Les journalistes présents à la conférence étaient quelque peu étonnés d’un tel programme pour les années qui suivent … Tout le monde connaît l’état de nos écoles dès qu’on s’éloigne un peu des quartiers huppés, sans parler des écoles primaires situées dans les zones rurales. Le ministre prétend que ces tablettes coûteront moins chers que les cahiers, livres et stylos …
Fabriquera t-on alors des générations qui ne savent pas écrire ? Des générations « d’autistes » ? Un monde parallèle ?
Et nos enfants dans tout ça ?
«Comment peut-on parler d’un tel projet sans qu’il y ait une préparation au préalable ? Dans la société dans laquelle nous vivons, nous ne sommes pas capables de mettre en place un tel projet. Il risque d’avoir de grands dégâts » a réagi Dr. Moez Cherif, président de l’association des droits des enfants.
Les médecins ont longtemps averti quant aux conséquences de ces outils laissés trop longtemps entre les mains de nos enfants… Peut-on alors se permettre de les laisser toute la journée face à cet outil. A-t-on pensé aux conséquences sur la psychologie, le développement et même la vue de nos enfants ?
« Laisser un enfant, surtout un jeune enfant, trop longtemps face à un monde virtuel présente un grand risque de fabriquer un enfant autiste. L’enfant doit être en contact avec le monde réel, il doit toucher, sentir, parler, écouter et communiquer avec de vraies personnes. L’utilisation prolongée de la tablette crée des automatismes et détruit le système de pensée. » nous livre un pédopsychiatre …
Détruire le système de pensée, développer des automatismes… N’est-ce pas finalement le meilleur moyen de fabriquer des robots et même des terroristes.

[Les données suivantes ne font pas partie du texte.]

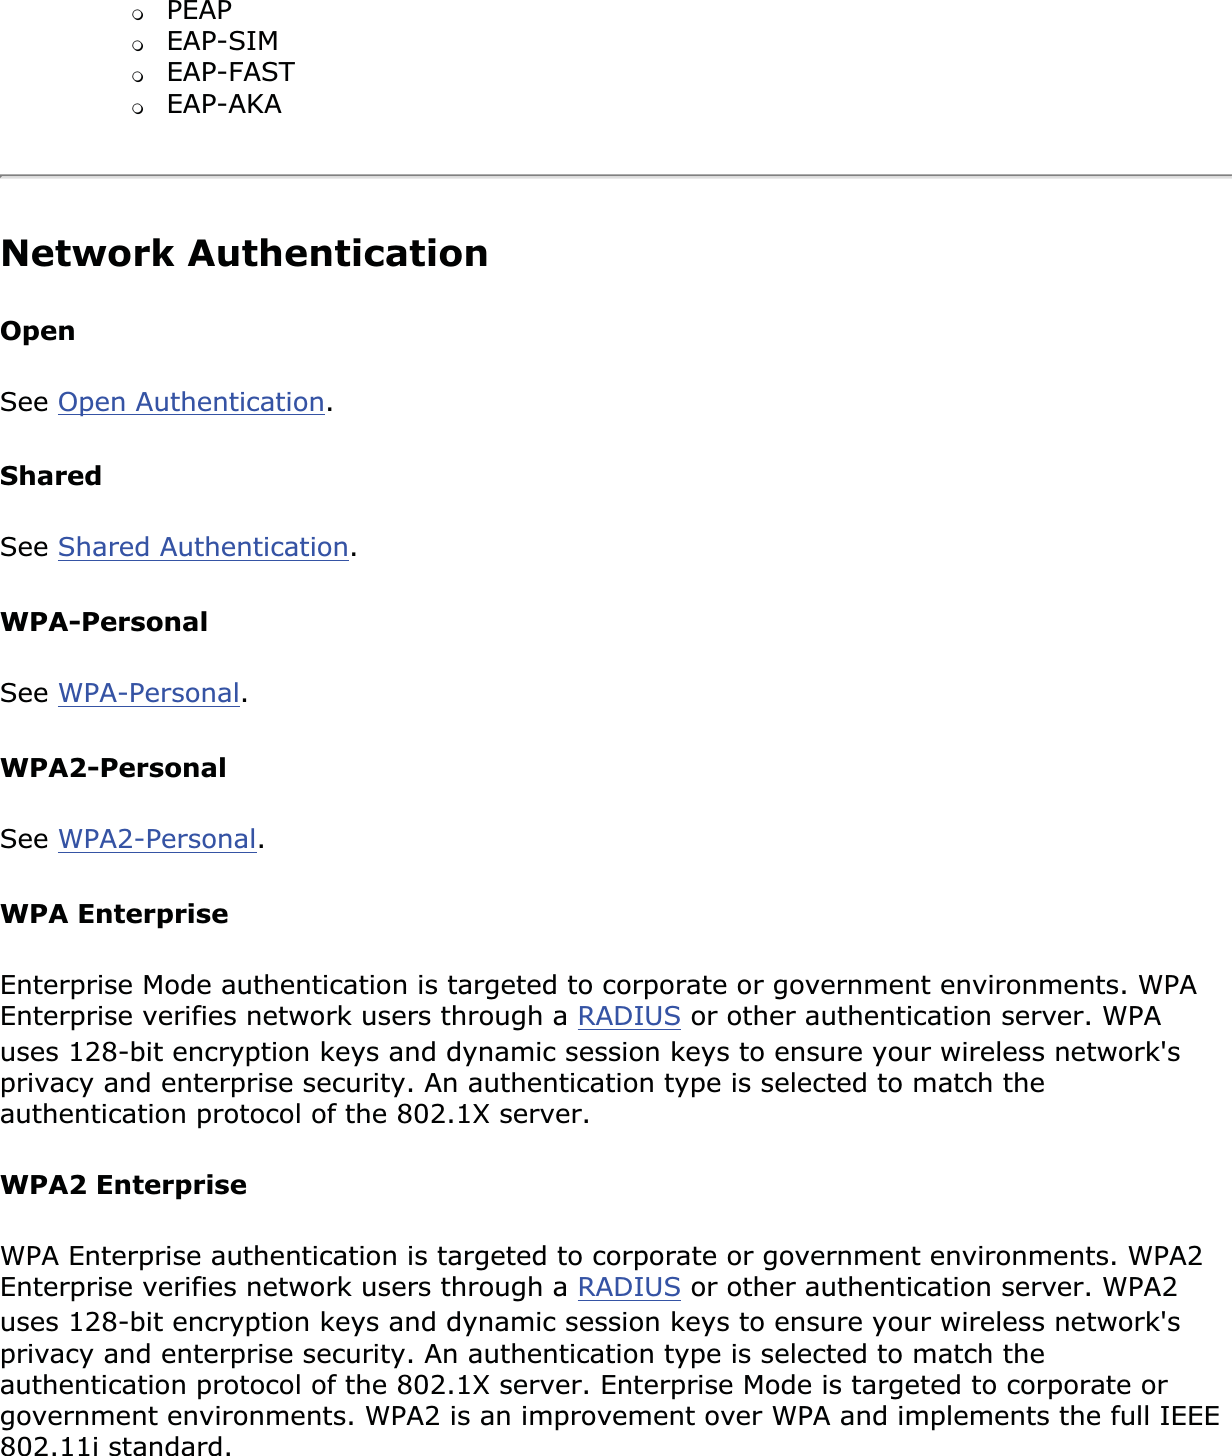 ❍PEAP❍EAP-SIM❍EAP-FAST❍EAP-AKANetwork Authentication OpenSee Open Authentication.SharedSee Shared Authentication.WPA-PersonalSee WPA-Personal.WPA2-PersonalSee WPA2-Personal.WPA EnterpriseEnterprise Mode authentication is targeted to corporate or government environments. WPA Enterprise verifies network users through a RADIUS or other authentication server. WPA uses 128-bit encryption keys and dynamic session keys to ensure your wireless network&apos;s privacy and enterprise security. An authentication type is selected to match the authentication protocol of the 802.1X server. WPA2 EnterpriseWPA Enterprise authentication is targeted to corporate or government environments. WPA2 Enterprise verifies network users through a RADIUS or other authentication server. WPA2 uses 128-bit encryption keys and dynamic session keys to ensure your wireless network&apos;s privacy and enterprise security. An authentication type is selected to match the authentication protocol of the 802.1X server. Enterprise Mode is targeted to corporate or government environments. WPA2 is an improvement over WPA and implements the full IEEE 802.11i standard.

Peut-on de cette façon se permettre des avancées technologiques à l’heure où la réforme éducative n’est pas encore établie, à l’heure où on reproche au système éducatif d’être « abrutissant » dans le sens où l’enseignement philosophique n’a pas la place qu’il faut ni même la culture générale ?
Une étude américaine de l’Université de Californie dit notamment que sur plus de 2 000 enfants scolarisés, l’impact des écrans sur le sommeil des enfants n’est pas négligeable. Les chercheurs américains ont constaté que pour les enfants ayant accès à des tablettes, la durée du sommeil est inférieure de 21 minutes par rapport à ceux qui n’ont pas cet outil à portée de main.
Un programme techniquement réalisable ?
Le ministère de l’Education avait également parlé de ce programme il y a plusieurs années. Le ministère de la Technologie prévoit quant à lui le partenariat avec plusieurs grandes enseignes de telle façon à démocratiser cet outil et que le coût soit le moins élevé possible. Selon Nomane El Fehri, de toutes les façons, nous n’avons pas le choix. Nous devons franchir ce pas. Le ministre a choisi une photo très évocatrice pour illustrer ses propos. Un train au sommet d’une montagne à gauche et à droite, un gouffre. Un homme, représentant la Tunisie saute et tente de mettre un pied dans ce train qui a l’air de rouler à toute allure. Ce train représente « la numérisation » du monde. Quand on demande à Noomane El Fehri si l’impact de ce programme sur la santé des enfants a-t-il été pris en considération, il répond que la situation économique ne nous laisse pas le choix, nous devons avancer pour combler la faille qui existe entre nous et les autres pays développés. Il se dit toutefois prêt à recevoir les professionnels et la société civile spécialisés dans le domaine de l’enfance.
L’ambition de ce ministère est de faire de la Tunisie le premier pays « numérique » dans le monde africain et l’un des premiers dans le monde arabe.